Output the whole listing below exactly, omitting the images.

▶ **DATA**:
────

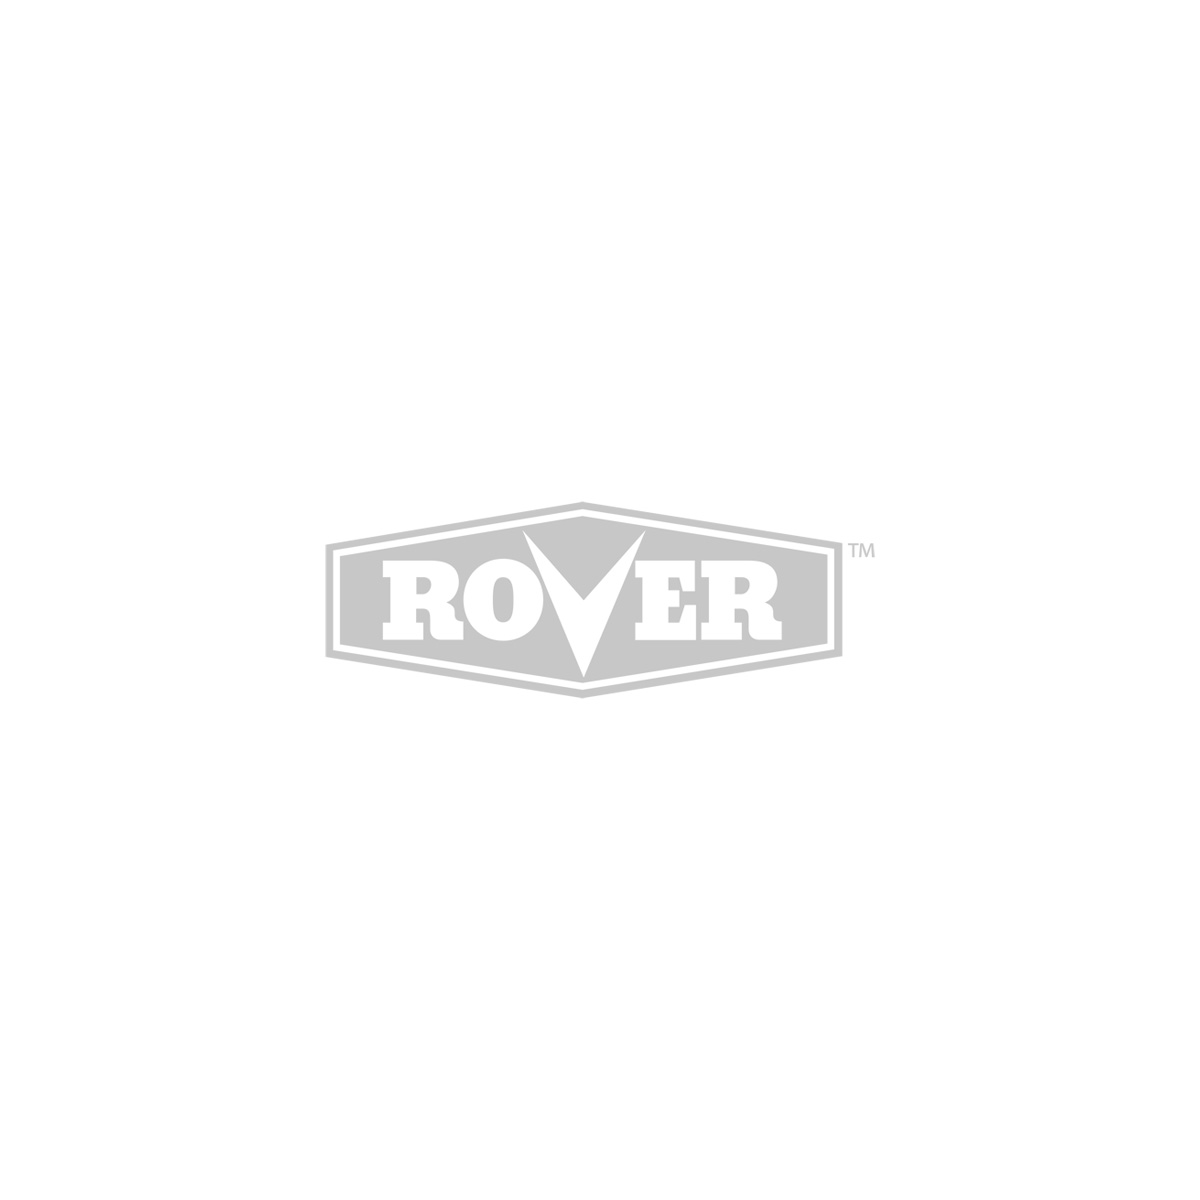 Rover ohv 910 engine manual
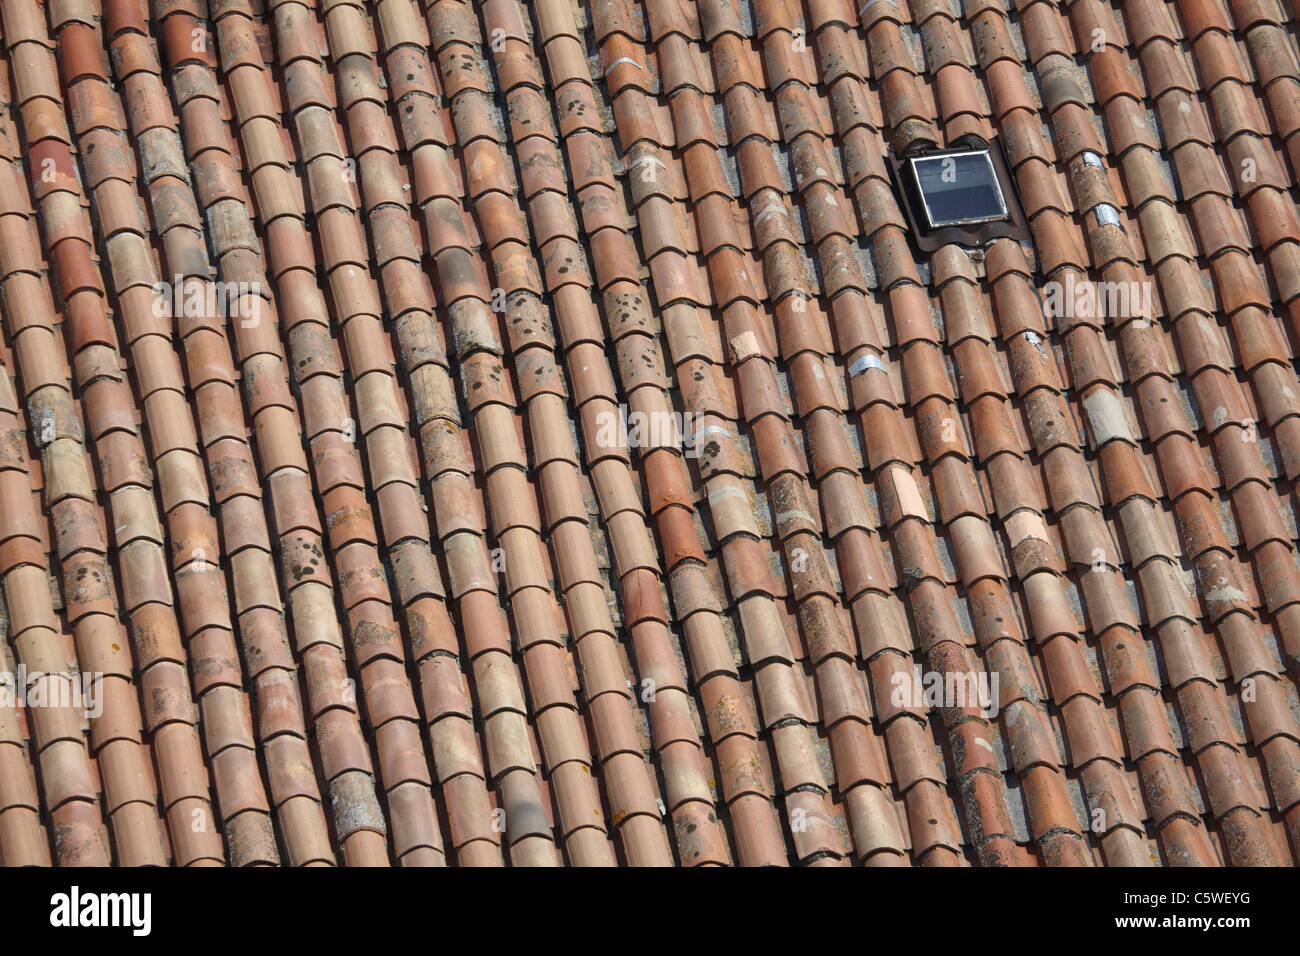 France, Tiled roof and dormer window Stock Photo
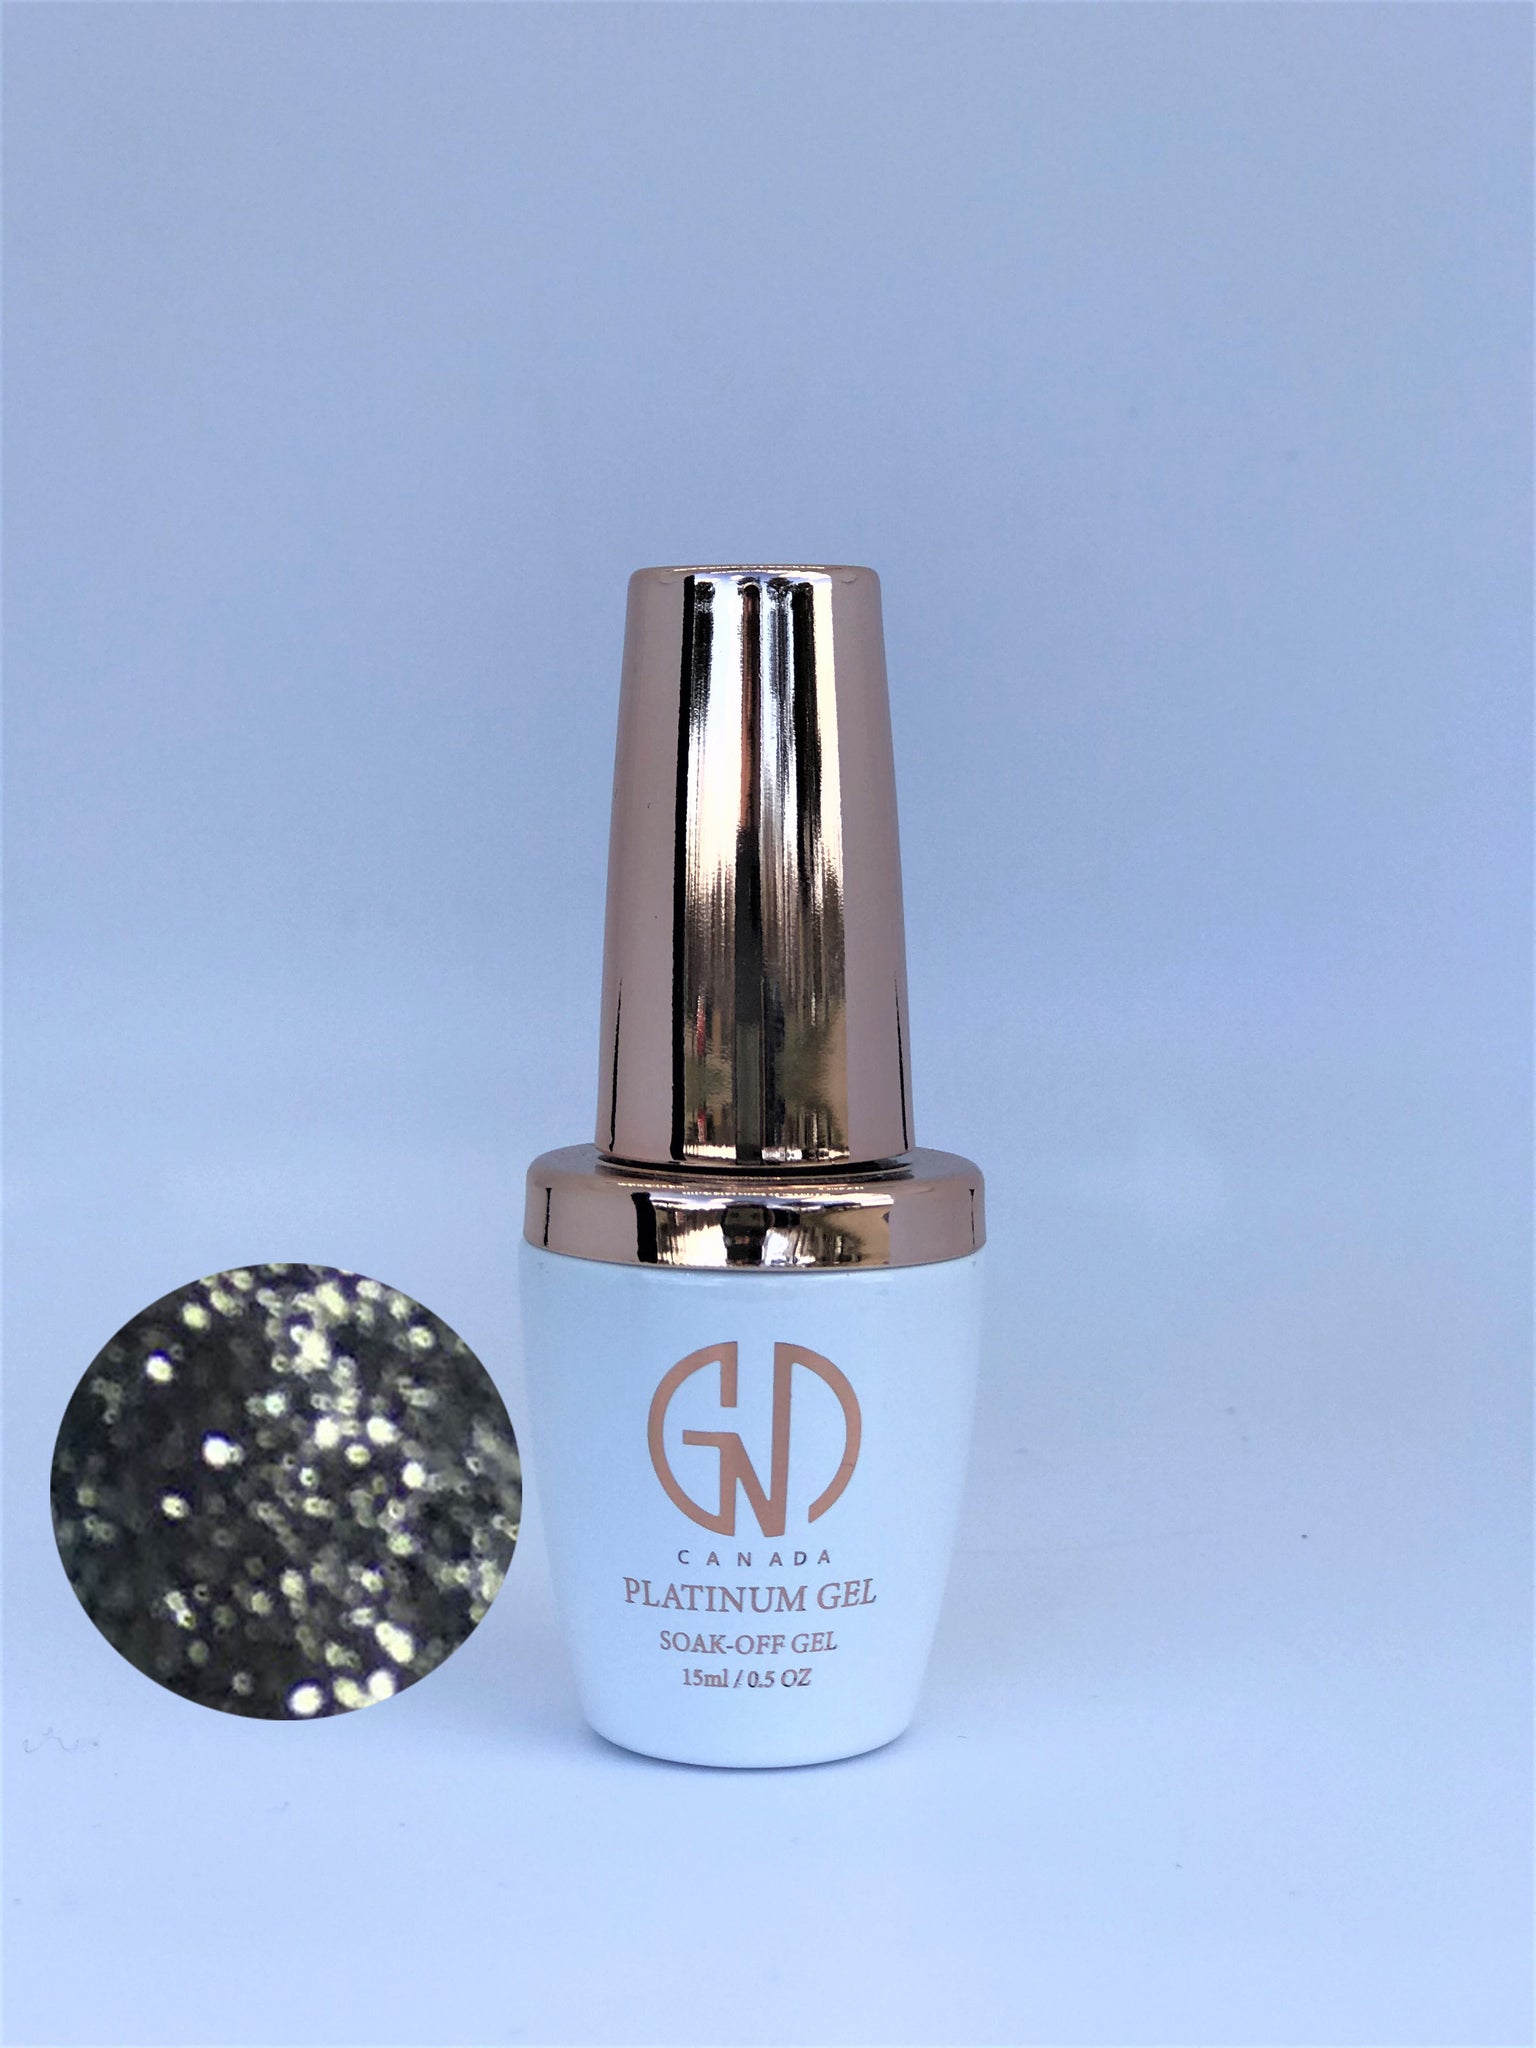 GND Platinum Gel #10 | GND Canada® - CM Nails & Beauty Supply

────

▶ **SOLVED PROBLEM**:
 Rover ohv 910 engine manual
 France, Tiled roof and dormer window Stock Photo
 GND Platinum Gel #10 | GND Canada® - CM Nails & Beauty Supply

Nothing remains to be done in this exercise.